# W2k3 HVM in Xen streikt im Netzwerk

## draner

Ich habe eine Xen dom0 mit gentoo aufgesetzt,

uname -a:

```
Linux Core 2.6.21-xen #1 SMP Fri Oct 10 16:10:29 GMT 2008 x86_64 AMD Athlon(tm) 64 X2 Dual Core Processor 5600+ AuthenticAMD GNU/Linux

```

meine Xen Version:

```
[ebuild   R   ] app-emulation/xen-3.3.0  USE="pae -acm -custom-cflags -debug -flask -xsm" 0 kB 

[ebuild   R   ]  app-emulation/xen-tools-3.3.0  USE="hvm screen -acm -api -custom-cflags -debug -doc -flask -pygrub" 0 kB 
```

alle domU's funktionieren so wie sie sollen, nur die Windows 2003 R2 x64 schafft es nicht ins Netzwerk.

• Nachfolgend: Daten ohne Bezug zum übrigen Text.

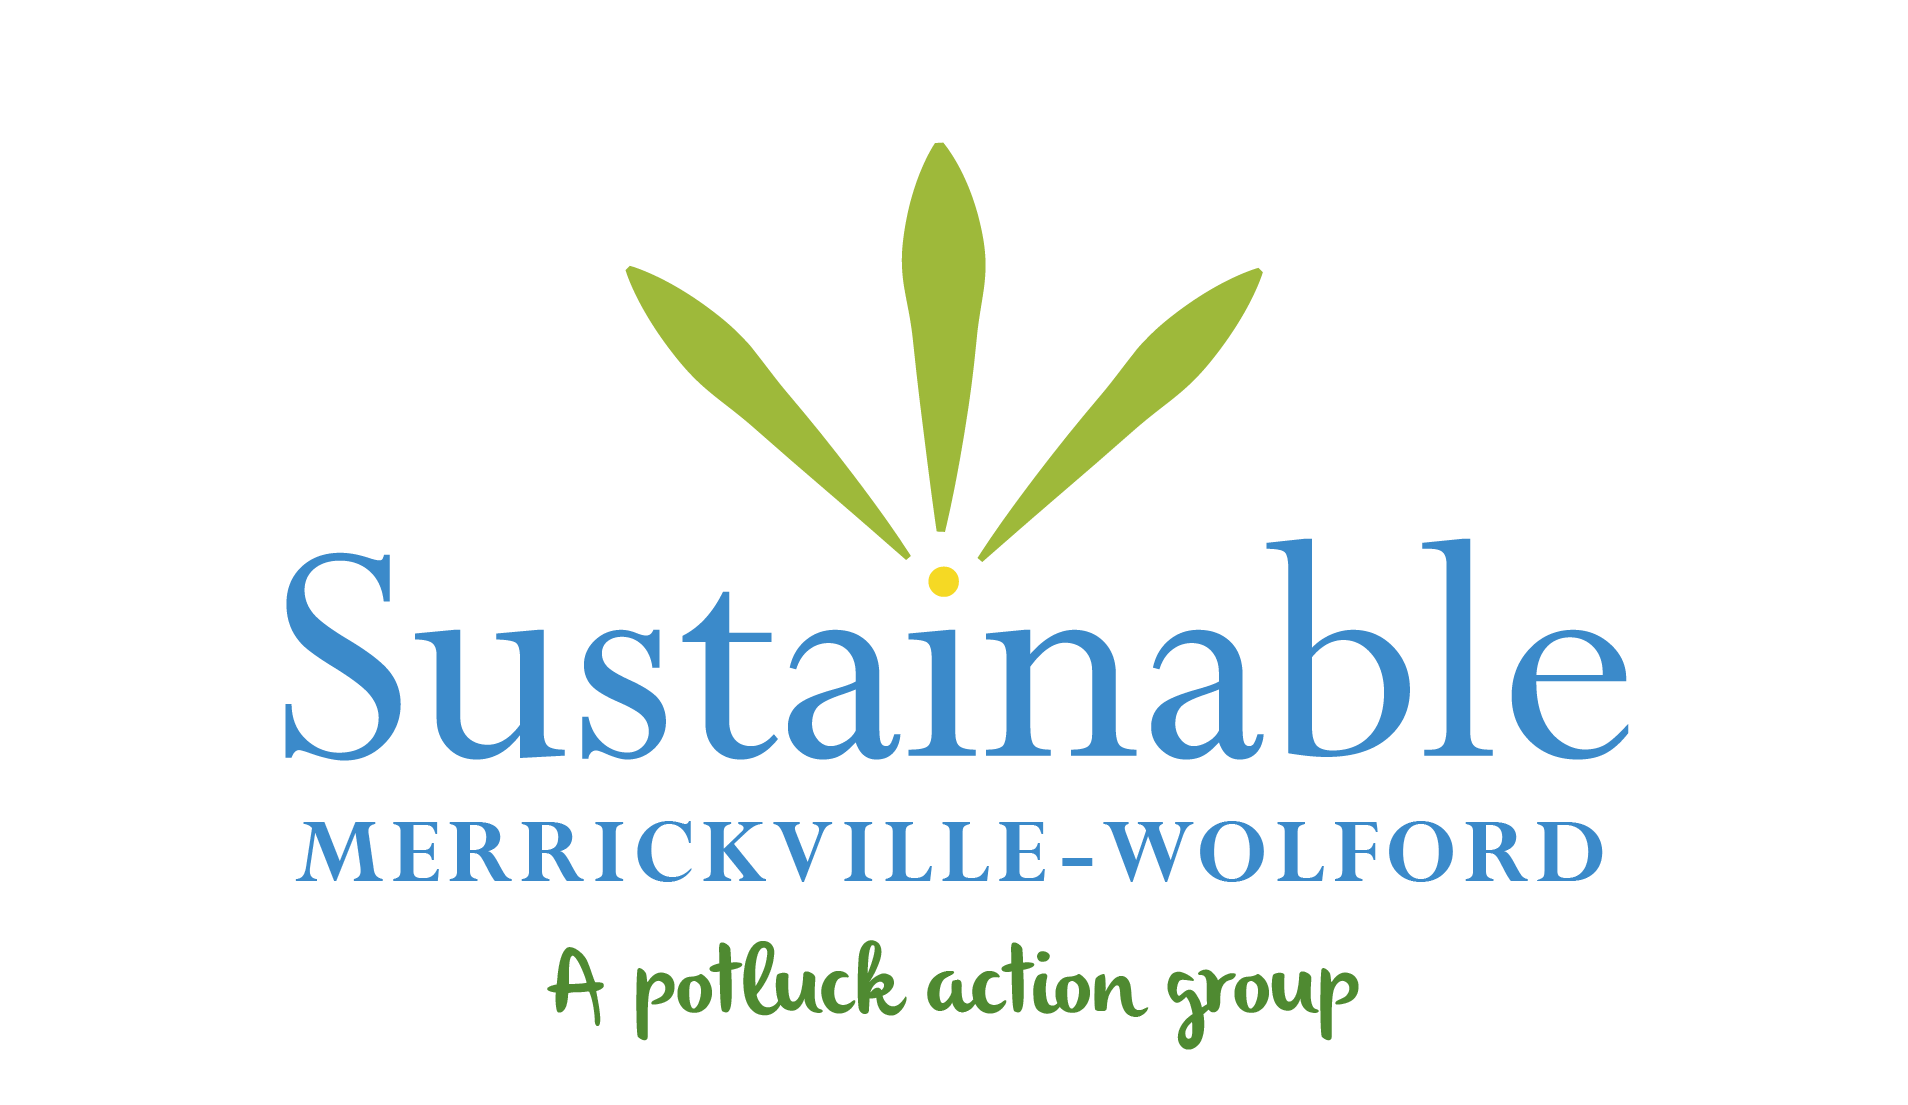 Sustainable Merrickville-Wolford
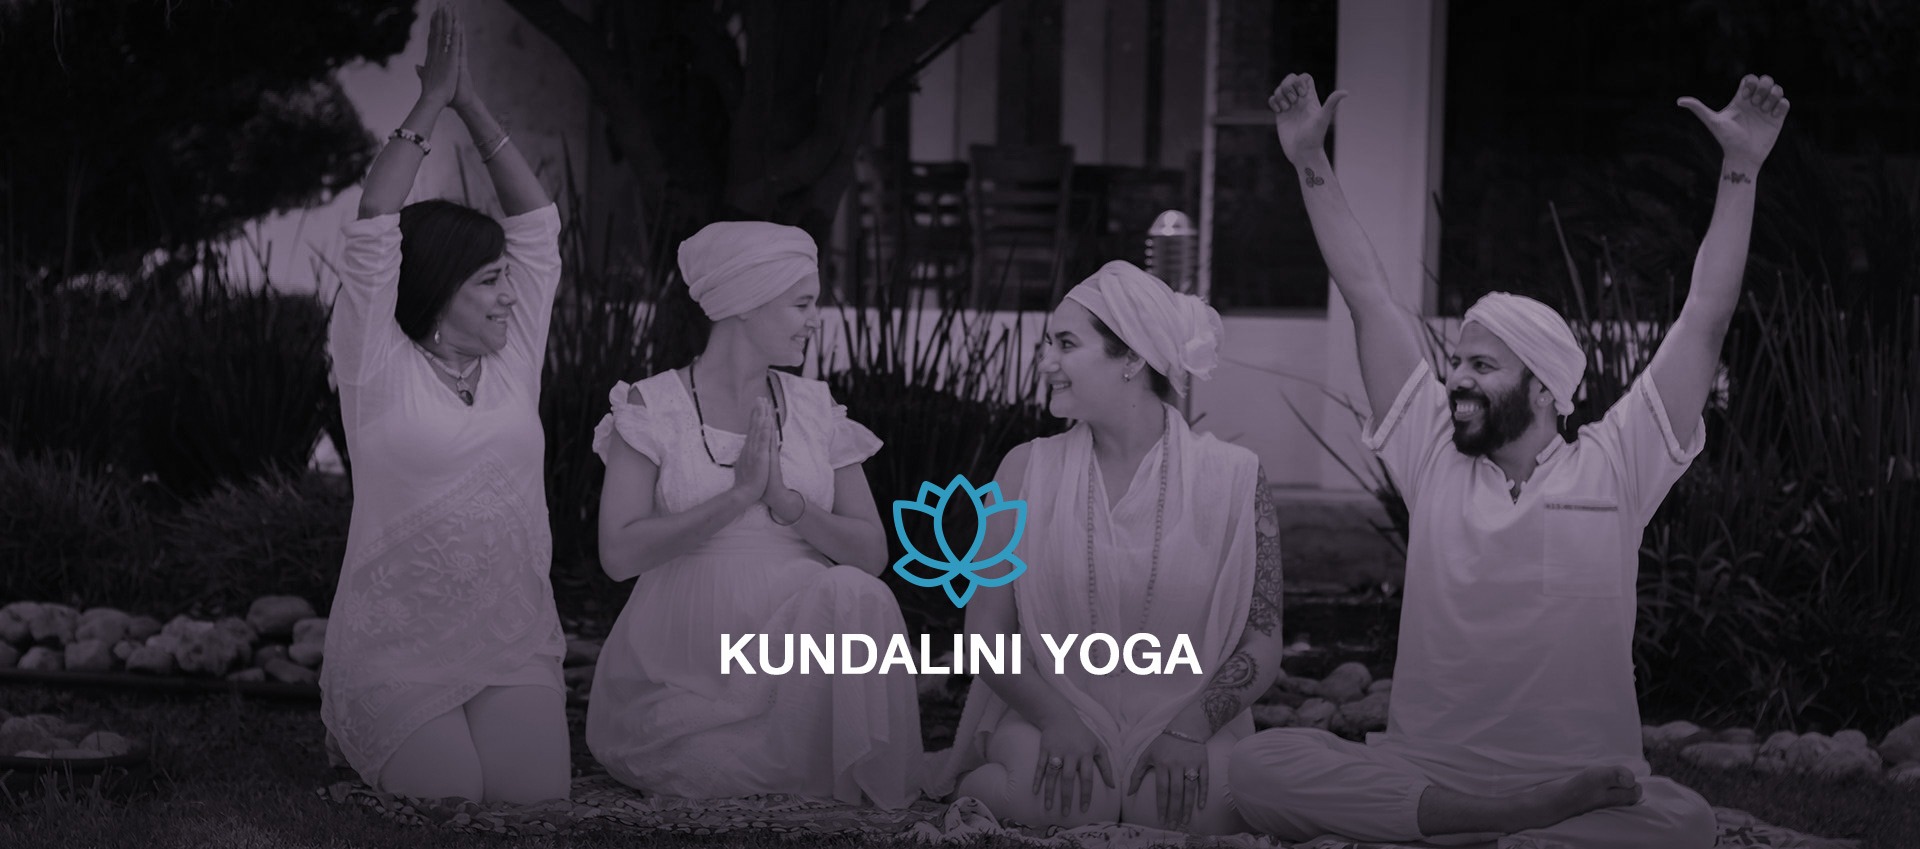 ¿Qué es Kundalini yoga?

meine Xend config steht auf

```
(network-script 'network-route')

(vif-script     vif-route)

```

da ich dies von meinem RZ aus so machen muss.

Meine HVM config file:

```
name = "W2k3"

builder = 'hvm'

memory = '2048'

disk = [

'file:/xen/w2k3/w2k3.img,hda,w',

'file://xen/iso/w2k3/ENWindowsServer2003R2EnterpriseEditionWithSP2x64Disc1VLP.iso,hdc:cdrom,r', 

'file://xen/iso/w2k3/ENWindowsServer2003R2EnterpriseEditionWithSP2x64Disc2.iso,hdd:cdrom,r' ]

boot= 'd'

vif = [ 'type=ioemu,ip=XXX.XXX.XXX.XXX,mac=00:...']

dhcp = "dhcp"

device_model = '/usr/lib/xen/bin/qemu-dm'

kernel = '/usr/lib/xen/boot/hvmloader'

vnc=1

vncunused=1

#vncviewer=1

vncpasswd="XXX"

apic=1

acpi=1

pae=1

sdl=0

usbdevice='tablet'

vcpus=2

on_reboot = 'restart'

on_crash = 'restart'

on_powerof = 'restart'
```

wenn ich die HVM starte erstellt xen vifX.0 und tapX.0, was anscheinend auch alles so richtig zu seien scheint.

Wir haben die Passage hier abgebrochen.